The Congressional Budget Office (CBO) estimates that 13 fewer drugs would be introduced to the U.S. market between 2023 and 2052 as a result of the drug pricing provisions. “That’s out of about 1,300 drugs, so about a 1% reduction over that 30-year period,” a CBO spokesperson said in an email to BioSpace. But the organization’s modeling infrastructure “doesn’t allow us to differentiate between the effect on biologics and the effect on small molecule drugs.”
No Patient Left Behind (NPLB)—a non-profit focused on patient access to affordable medicines—sent a letter to the CBO last month urging it to adopt changes to its modeling to be able to better understand how the IRA will affect these two drug classes differently, and make “an economic case for a legislative fix” to level the IRA’s negotiation playing field for all drugs at 13 years.

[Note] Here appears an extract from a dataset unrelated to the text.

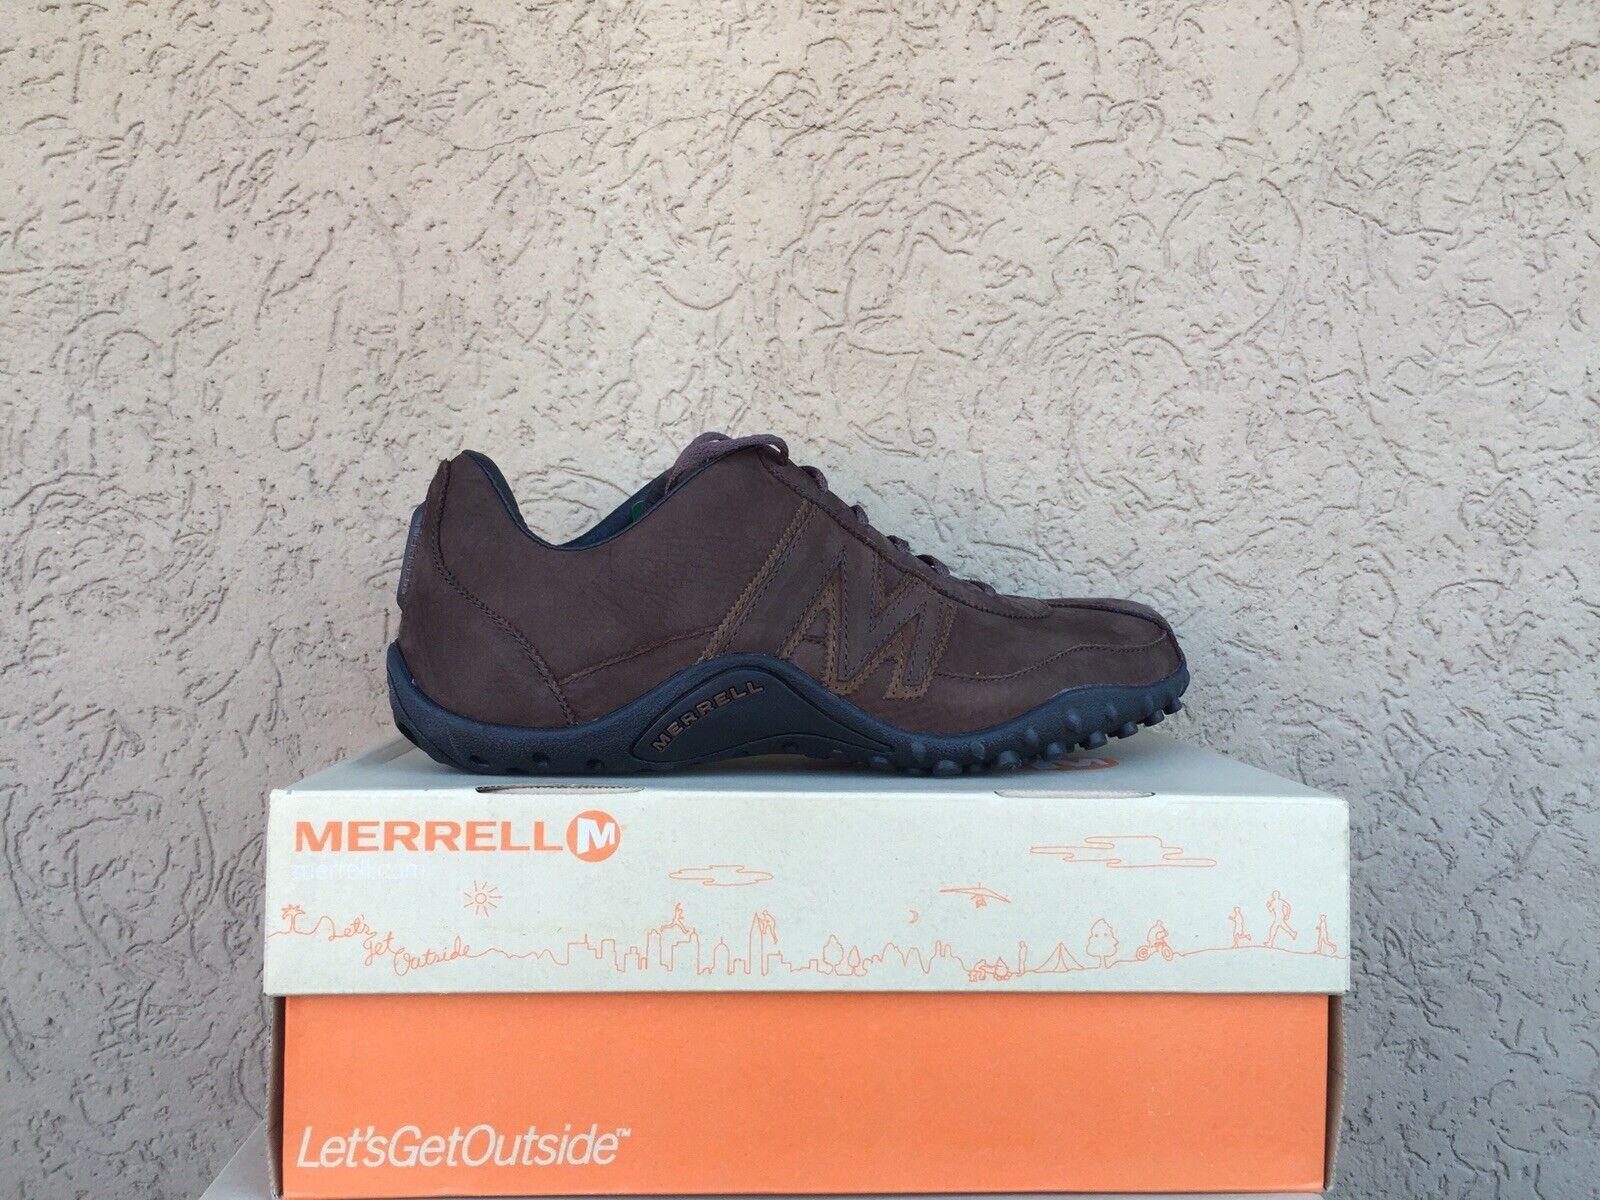 shoes MERRELL SPRINT BLAST - nr 43 - brown - NUOVE - SNEAKER MERRELL OFFERTA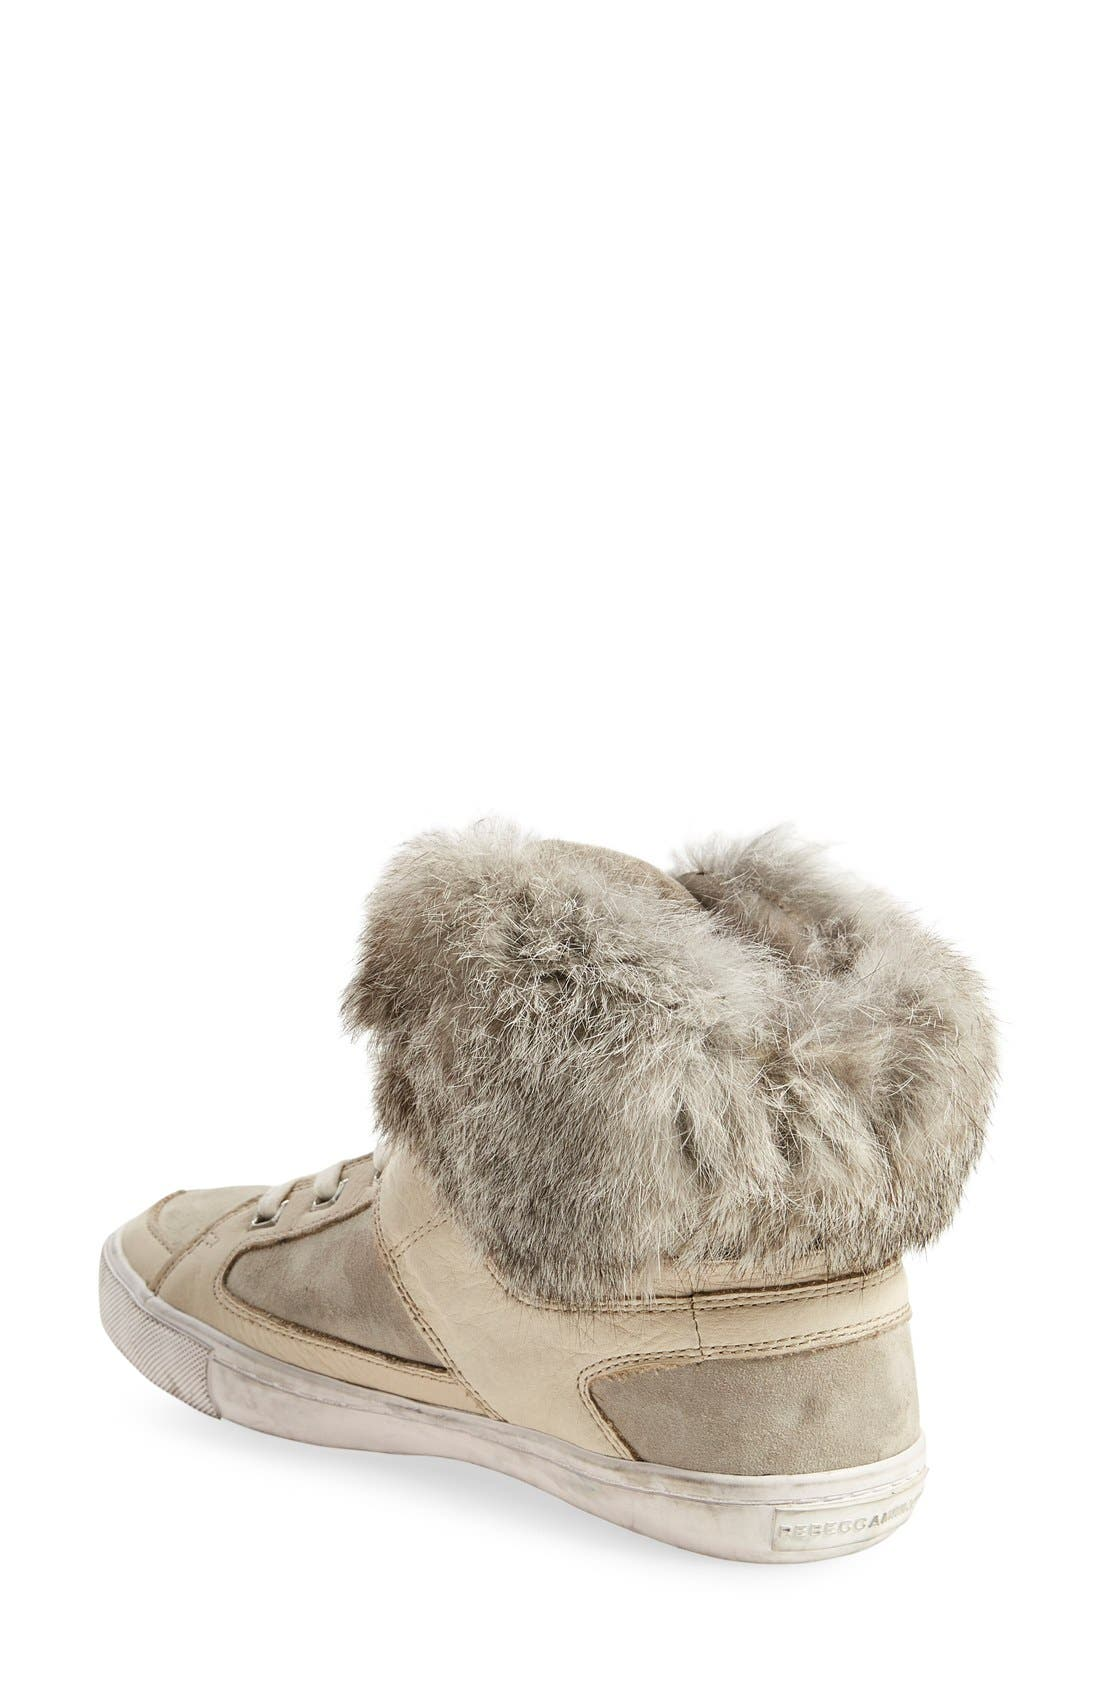 Alternate Image 2  - Rebecca Minkoff'Shiloh' Genuine Rabbit Fur CollarSneaker (Women)

“Making these adjustments to CBO’s model would reveal why the Inflation Reduction Act has not merely reduced incentives for the development of new small molecules but essentially eliminated incentives for the earliest stages of funding for non-exempt small molecules aimed at diseases of aging, the effects of which may not be evident today but are clear over time,” NPLB Executive Director Peter Rubin wrote.
Gupta said he “appreciates” the modeling work the CBO does across different areas of the U.S. economy “but they’re not physicians, scientists or chemists” who have important insights into the industry and drug R&D.
“This feels like it was just a poorly drafted [IRA] provision that was done without a deep understanding and in a bit of a rushed timeframe,” Gupta added. “Now, we still have time to fix this before there’s long-lasting ramifications that truly impact patients and public health.”
However, a spokesperson for the Centers for Medicare and Medicaid Services in an emailed statement to BioSpace said that “improving the affordability of drugs in Medicare in the short run won’t hurt long-term innovation because this is an industry that has demonstrated time and time again—they will thrive.”